Forget the monster in the middle of the room, that one’s all talk. Failing to try is the real danger. And if you don’t deal with it, it’s the monster under the bed that will get you in the end.

Comments

  1. Wow Jo. Just wow. You’ve always been amazingly insightful and here you are really getting your words out there. The world of medicine is a better place with you in it. Keep on keeping on. And bloody well done!

  2. I have never had any doubts about your being good enough – from reading your blog for the very first time I have been captivated by your voice, your ability to make me smile or bring tears to my eyes. I am so happy you are getting the recognition you deserve – congratulations!

  3. Oh Joanna… what a bloody fantastic post… so insightful, so inspirational and so motivational! As are all the folk, ‘the new voices of fiction’ highlighted in The Observer… huge congratulations for being one of them.

    It’s been great reading about you & your story this last year; since Simon of Savidgereads@gmail.com first tipped you as one to watch early in 2015, seeing you blossom on Twitter… always happy, thriving in your unfolding success BUT ultimately always friendly, & encouraging others.

    This morning you’ve made smile, happy-cry a little… egged me on to do a cartwheel, run up a hill Maria style and burst into song. (Okay physically I can’t just yet, the sutures won’t permit, but mentally I’m warming up & stretching and the butterflies in my belly are stiring😊)

    You say its not-an-Athena-Style-poster – but first job when I get back to my desk will be to print this out and stick it somewhere I’ll read AND respond to often… although definitely, thinking of modifiable factors, NOT the fridge door😉

  4. Failure scares the hell out of me… every day that I don’t progress in some measurable way, every competition I’m not even long-listed for… It’s really scary. Thanks for writing this.

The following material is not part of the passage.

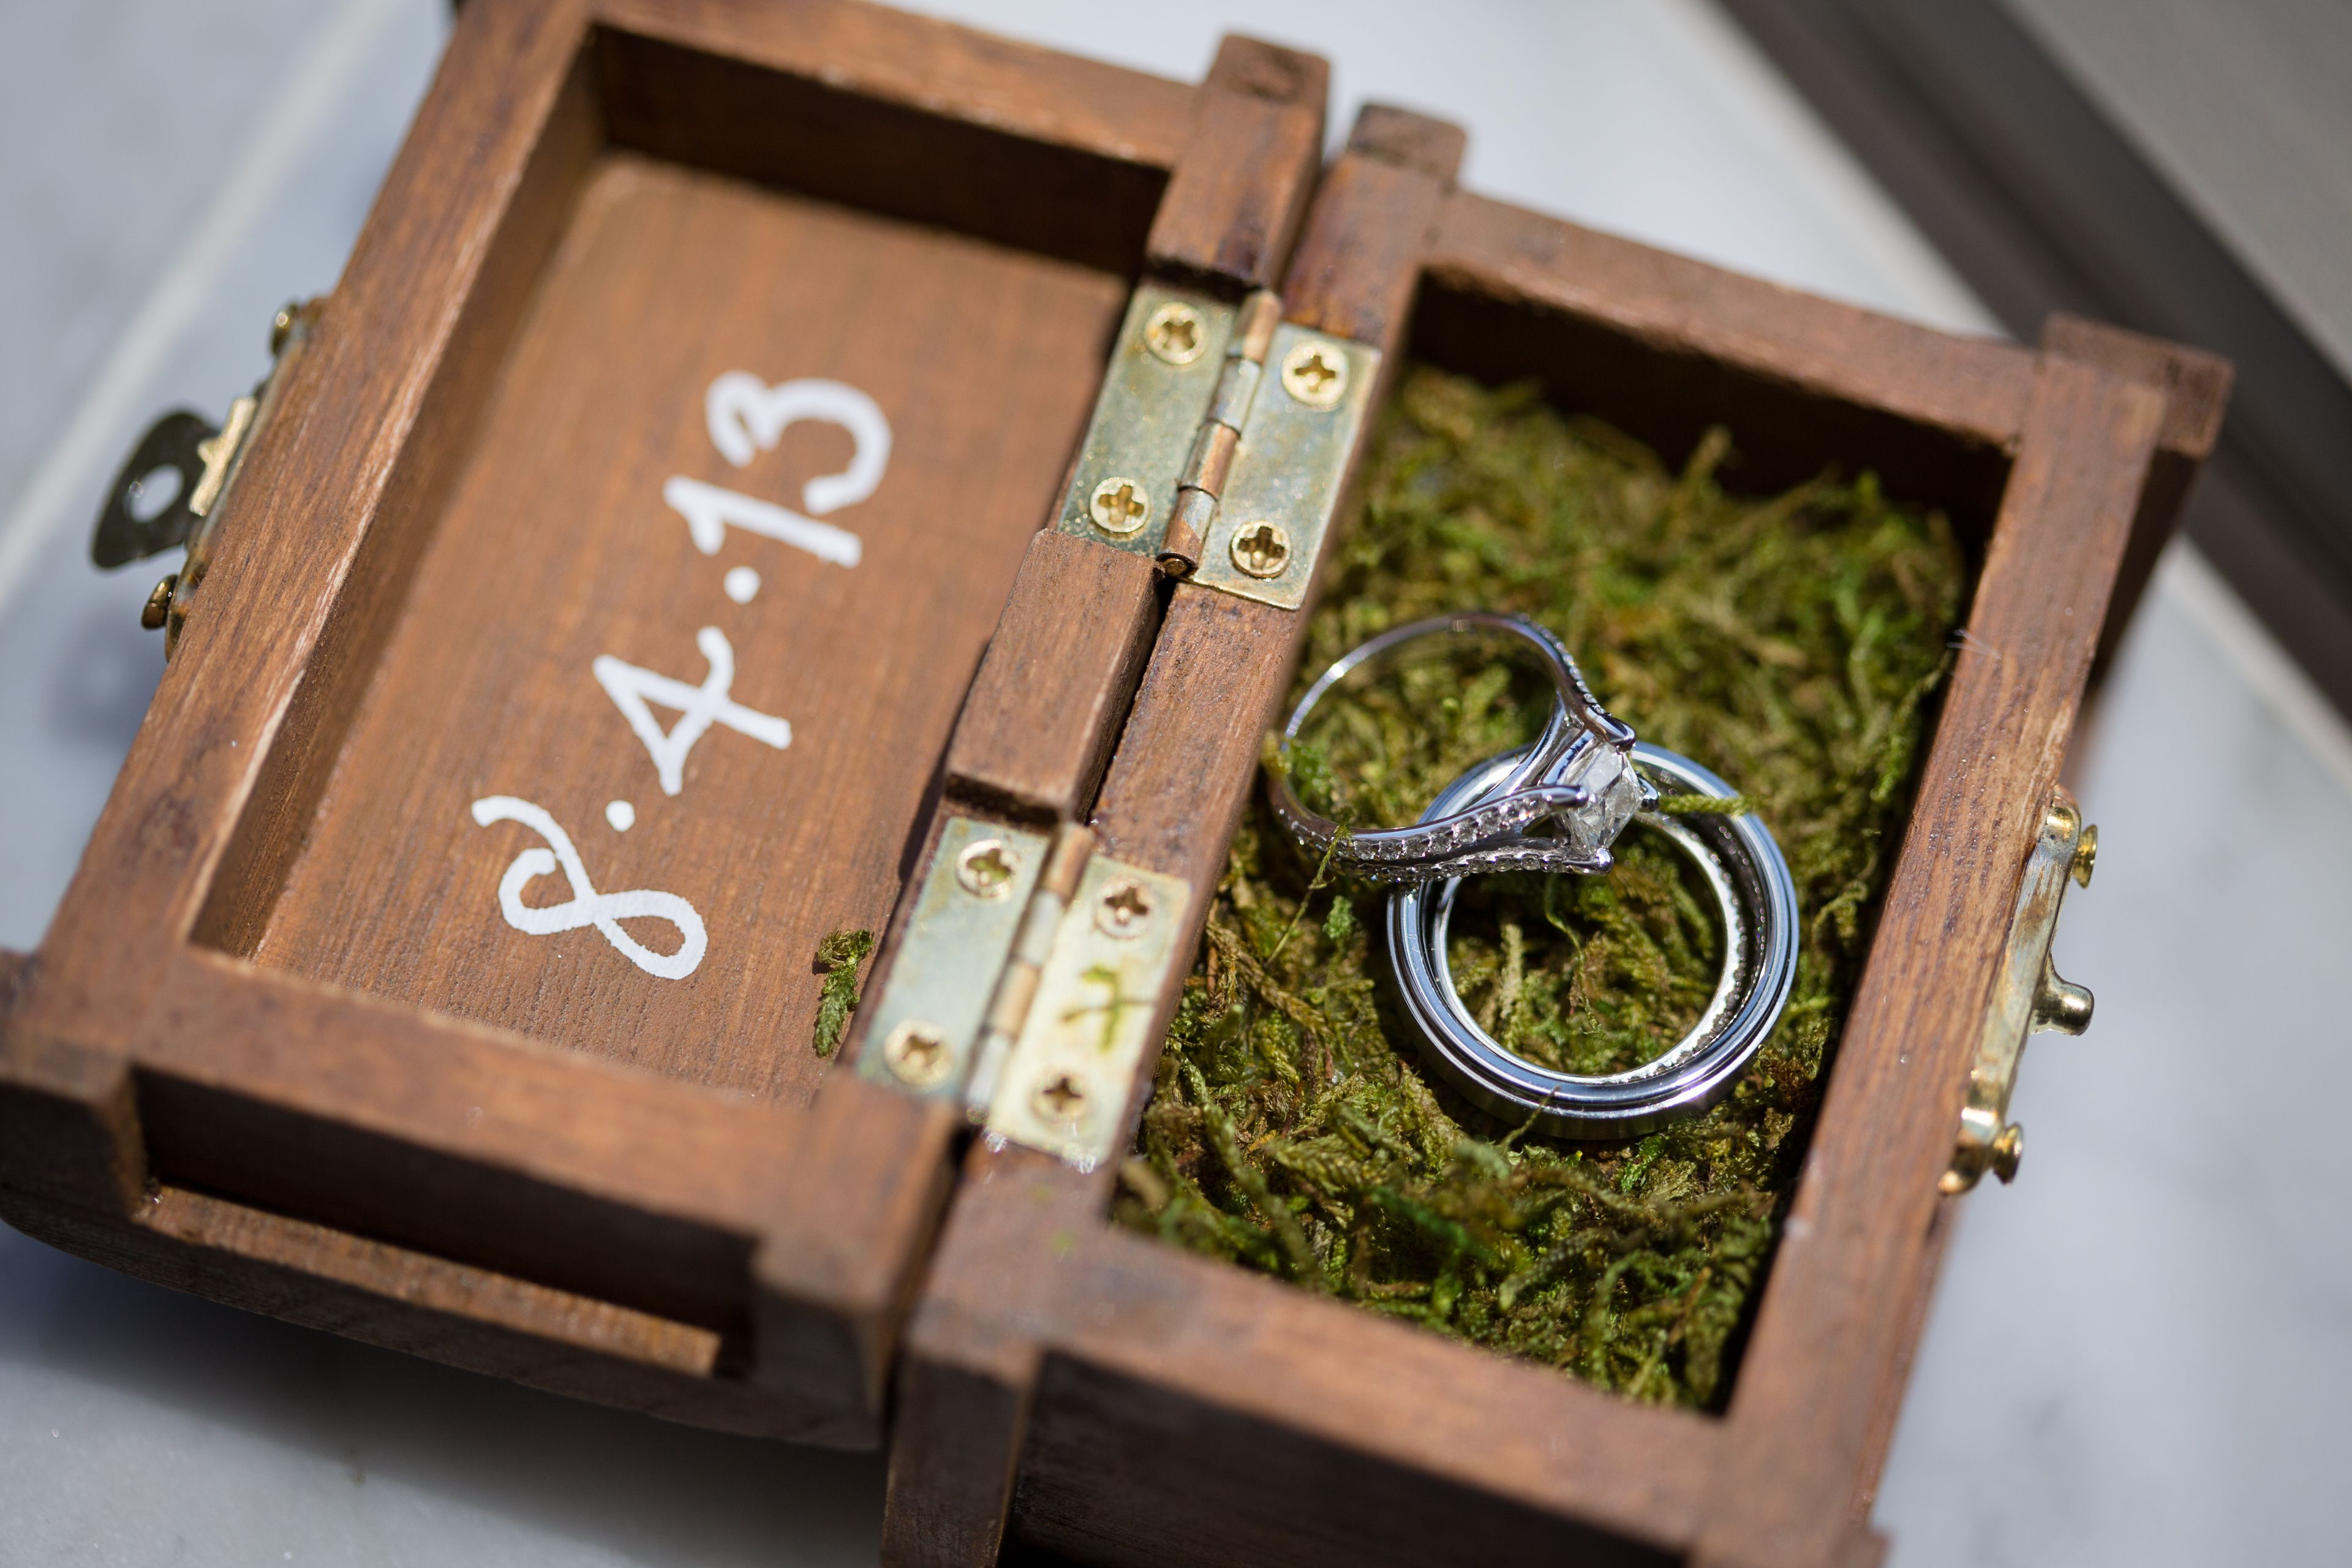 Wedding Ring Box Diy Cute Wood Box Sand Paper Wood Stain Paint

  5. In my head I sprinted a marathon after reading your motivational post, even though in reality I’d probably struggle to get past the end of the avenue. I am often plagued with self-doubt regarding my writing, but keep trying, and your words have spurred me on to start the novel I’ve been promising myself I will write. Thank you, and a happy new year!

  6. You are truly an inspiration to all women Jo. You just keep setting your limits higher and surpassing them. You are a shining example of pursuing one’s dreams to the fullest and succeeding with same all while you face your own self doubts. Thank you for sharing with us. Keep climbing that ladder of success and enjoy each and every rung on that ladder. Hugs to you

  7. You speak the truth, Joanna, and that’s so important. Failure was always my biggest fear, but my biggest success is trying, always trying, and learning and getting better. It’s a pleasure to see you succeed, and I never doubted it! x

  8. I’ve always read your blog posts and your stories made me cry. I knew that one day you would write your book. Today a book dropped through my letterbox for me to review and it was yours. I actually felt proud,as if I knew you personally. This post spoke to me too. I have recently joined a writing group and every week I think I’m not going to produce anything worth reading. I too do not tell many people that I write. Thanks for the inspiration and good luck with your book.

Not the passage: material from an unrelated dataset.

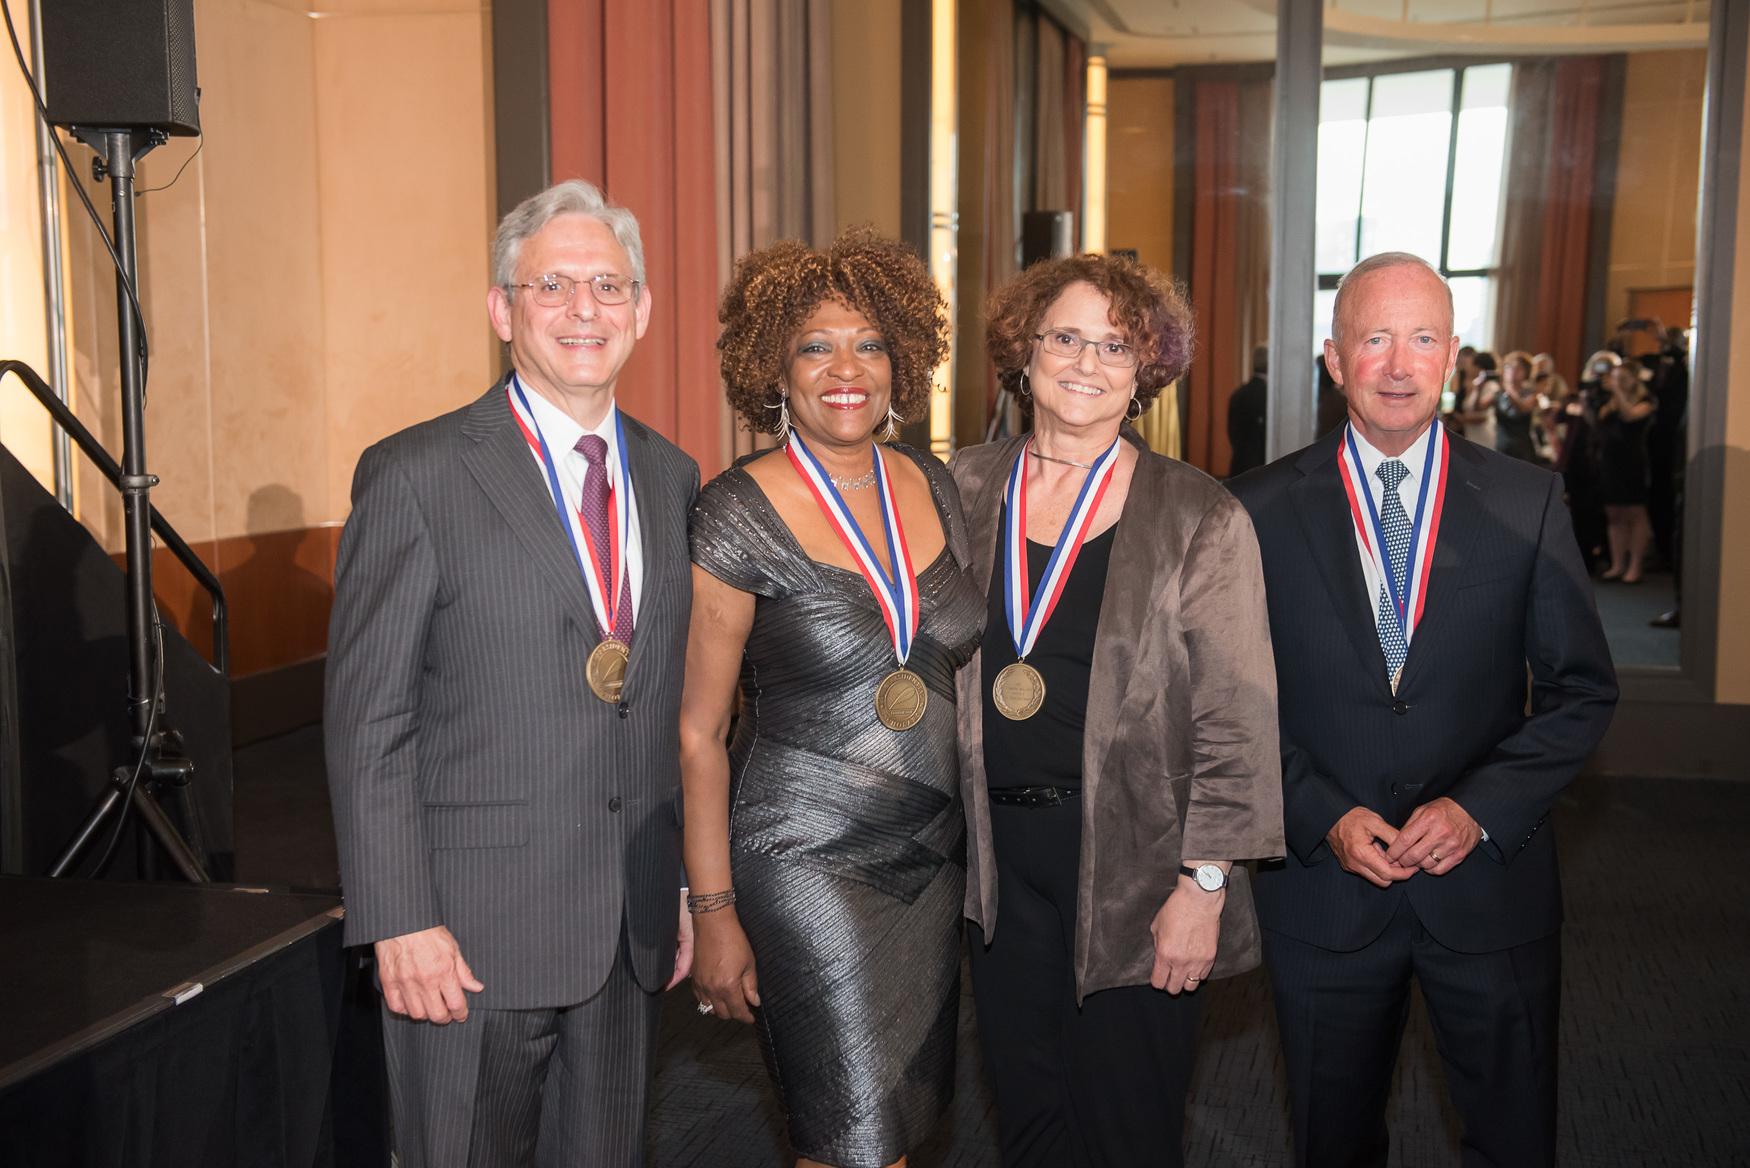 Chief Judge Merrick Garland, Rita Dove, Dr. Felice Kaufmann and Mitchell E. Daniels, Jr.

  9. Thanks for that as am trying to write a novel and almost there but do suddenly get those feelings of failing or why am I doing this. But the story wants to be written and I will plod on or speed up. I really admire you writing at any time you could while working. Will certainly get hold of your book soon.

  10. First I say congratulations, you bring hope and confidence flooding back, It comes and hangs out with me sometimes for many a page then poof!
    As I revise again and again my first manuscript i blog stuff just to break the pain of seek and destroy. But if people ask what I do i mumble smile and say write. Which is followed by “Oh anyone can do that…
    I can’t wait to read your new book and hope sincerely it goes to no. One.